Figure 5 exhibits a cracking pattern related to temperature fluctuations and inversely related to relative humidity levels. Peaks in $c_r$ coincide with the maximum temperatures and minimum relative humidity of Figure 4 (a). During these episodes, environmental conditions drive the water within the log to evaporate the surface water, which emerges in the exposed fibres of the log end-faces. The humidity differential between the exterior and interior causes the shrinkage of the external fibres, forming cracks. Subsequent temperature decreases and humidity increases reverse this process, causing the fibres and, consequently, the cracks to swell and close. Ultimately, these alternating cycles of shrinkage and tangential swelling reflect environmental fluctuations. Some of these cracks do not close and consolidate as permanent cracks on the end face of the log. The mean curve of Figure 5 shows a general upward development until the fibre saturation point, FSP (indicated in the figure with a grey transparent area), after which the cycle stabilizes in a more or less constant development until the end of the process when EMC is reached.
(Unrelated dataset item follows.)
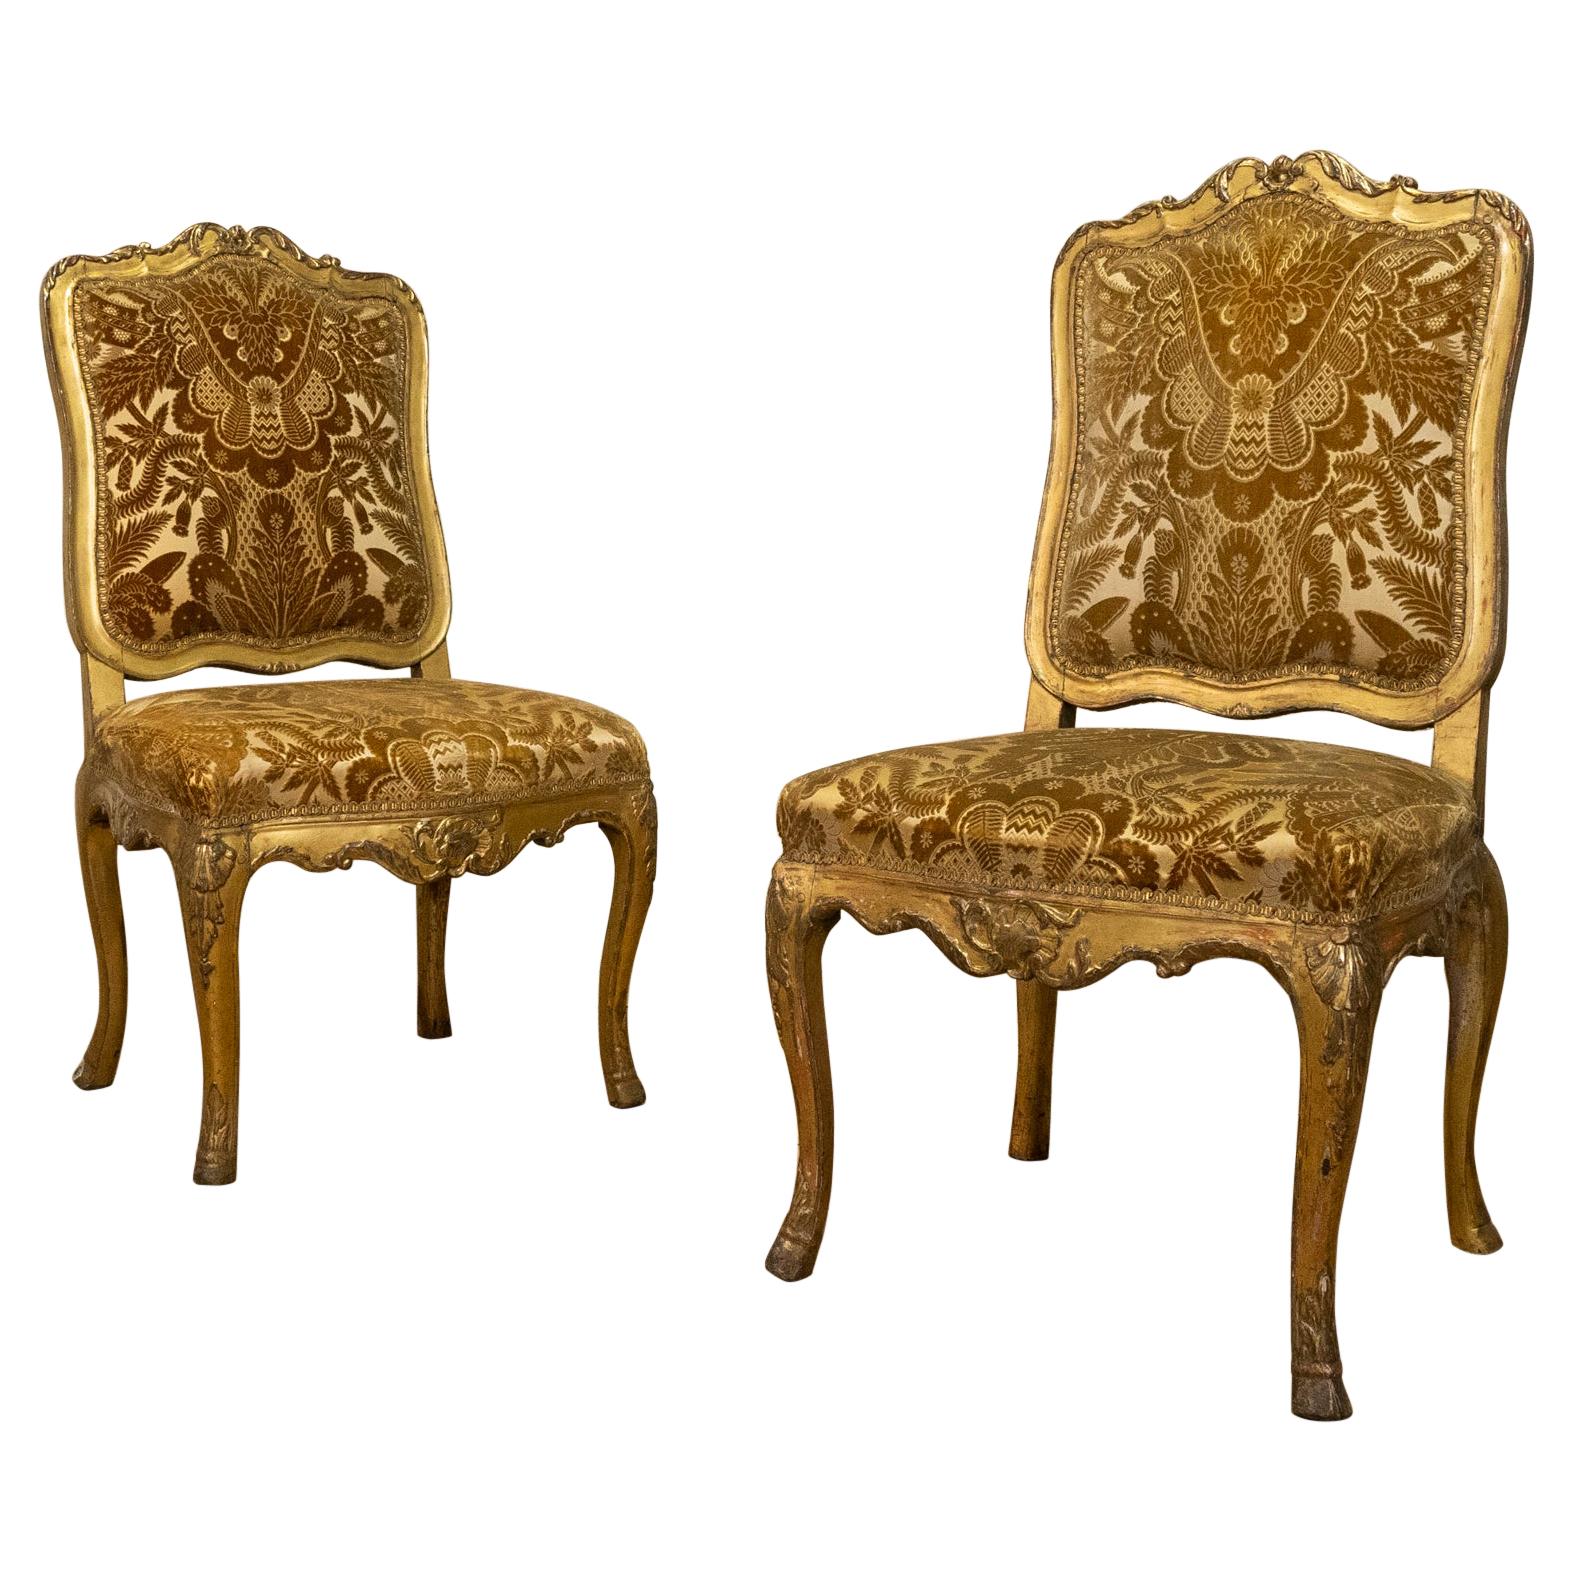 Pair of 18th Century French Louis XV Giltwood Side Chairs Upholstered - Gold  For Sale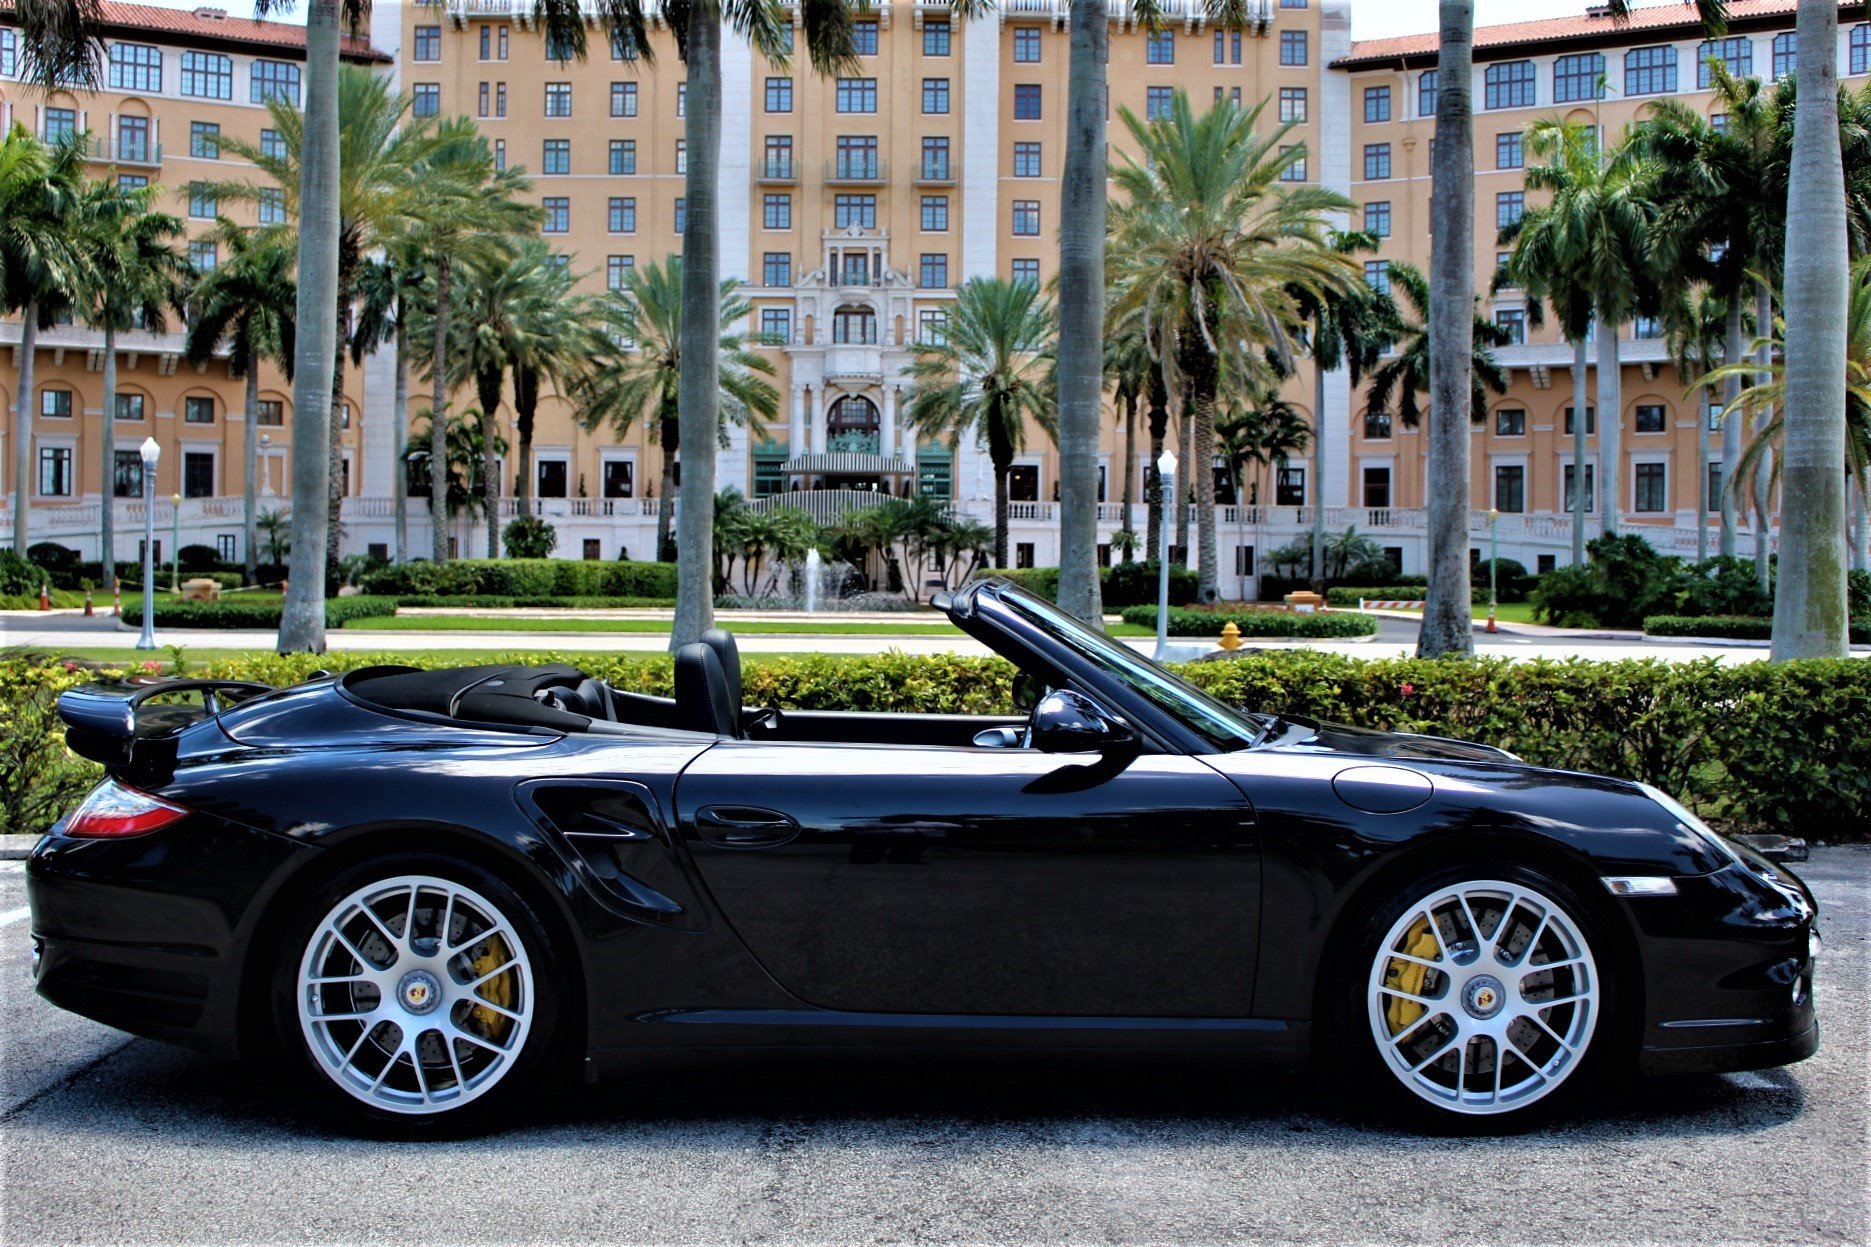 Used 2011 Porsche 911 Turbo S for sale Sold at The Gables Sports Cars in Miami FL 33146 1

To illustrate crack formation over time, Figure 5 points three relevant measurement points, considering only reference samples (R). The three measurement moments are shown in Figure 5 as the "x," "y," and "z" axes. The initial point, "x," corresponds to ten days after the first measurement. The next point, "y," aligns with the peak of relative cracking (max $c_r$), which occurs almost one hundred days after the initial measurement. Point "z" represents the final measurement taken nearly two hundred and ten days after the initial measurement. These points are exemplified by pictures in Figure 6 of 2 representative specimens.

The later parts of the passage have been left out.